近20年内蒙古鄂托克旗草地降水利用效率时空演变的驱动力量化

降水利用效率(PUE)是评价干旱半干旱地区草地生产力与降水关系的有效指标。为进一步探究气候变化和人类活动对草地PUE的驱动机理,本研究采用改进的CASA模型估算了2001—2020年鄂托克旗草地净初级生产力(NPP),结合同期降水量的空间插值数据获取了研究区草地PUE,利用简单线性回归和分段线性回归分析了PUE的时空演变特征及其空间格局对6类气候因子的响应,并引入基于偏导数的量化分析方法定量评估了气候变化和人类活动对PUE动态的相对贡献。
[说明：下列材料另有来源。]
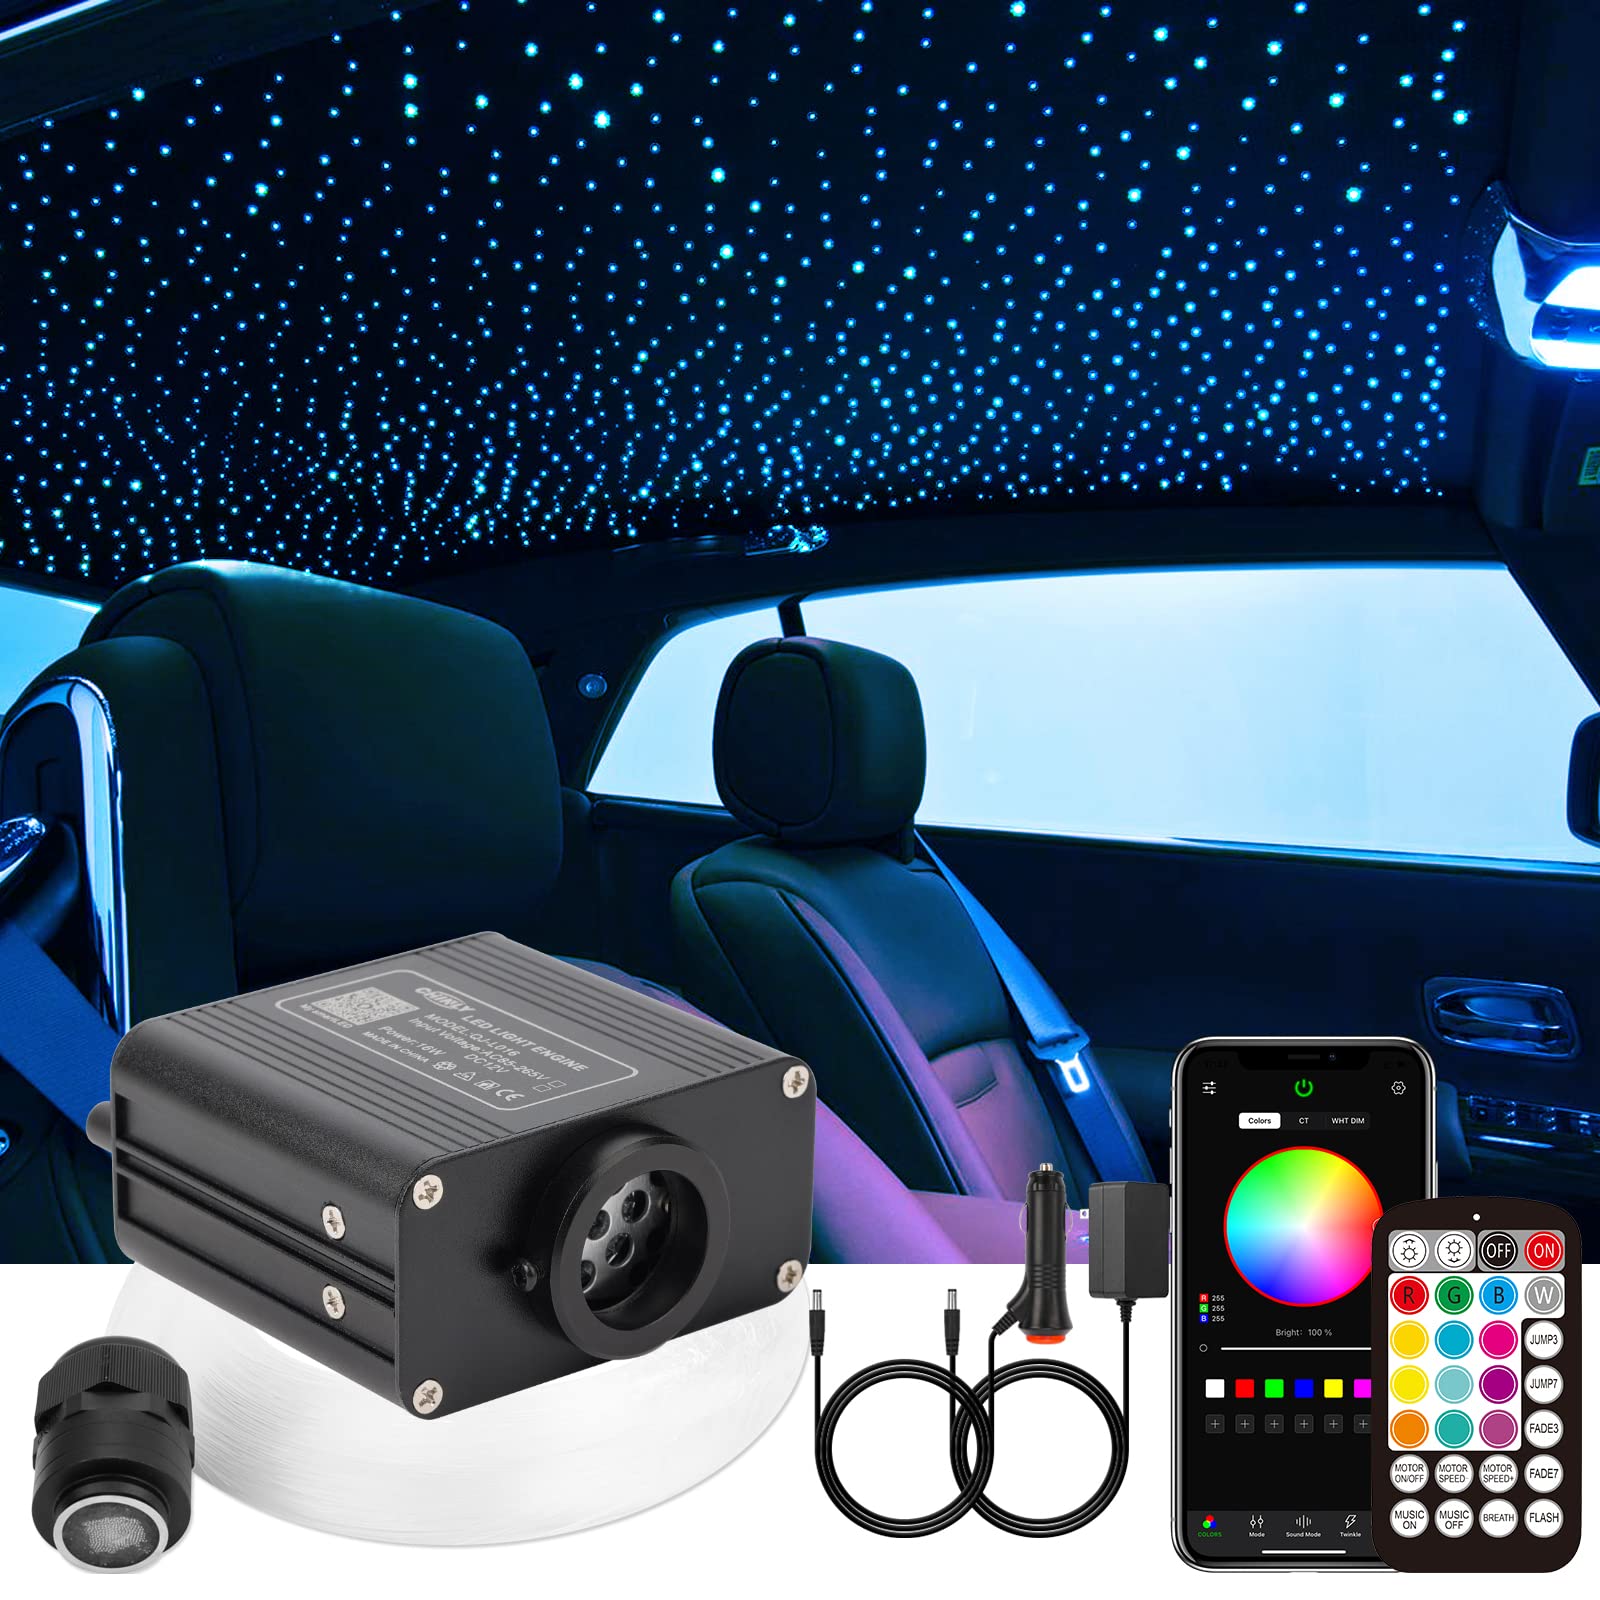 CHINLY Twinkle 400pcs 9.8ft (0.03in+0.04in+0.06in) Fiber Optic Lights Starlight Headliner kit, Music Mode Bluetooth APP Control

结果表明: 鄂托克旗草地PUE多年均值为0.748 g C·m^-2·mm^-1,年际波动呈显著下降趋势,下降速率为0.014 g C·m^-2·mm^-1·a^-1;PUE在空间上西低东高,沿气温、降水、相对湿度、日照时数和ET₀的增长梯度呈显著的单峰分段线性模式,而沿风速梯度表现为先快后慢的持续显著增长模式;研究区94.3%的草地表现为PUE衰减态势,且有43.6%为严重衰减,这一突出问题是气候变化和人类活动共同作用导致的,二者的贡献分别为-1.162×10^-2和-0.240×10^-2 g C·m^-2·mm^-1·a^-1,而气候变化是首要驱动力,其中降水是关键气候驱动因子。     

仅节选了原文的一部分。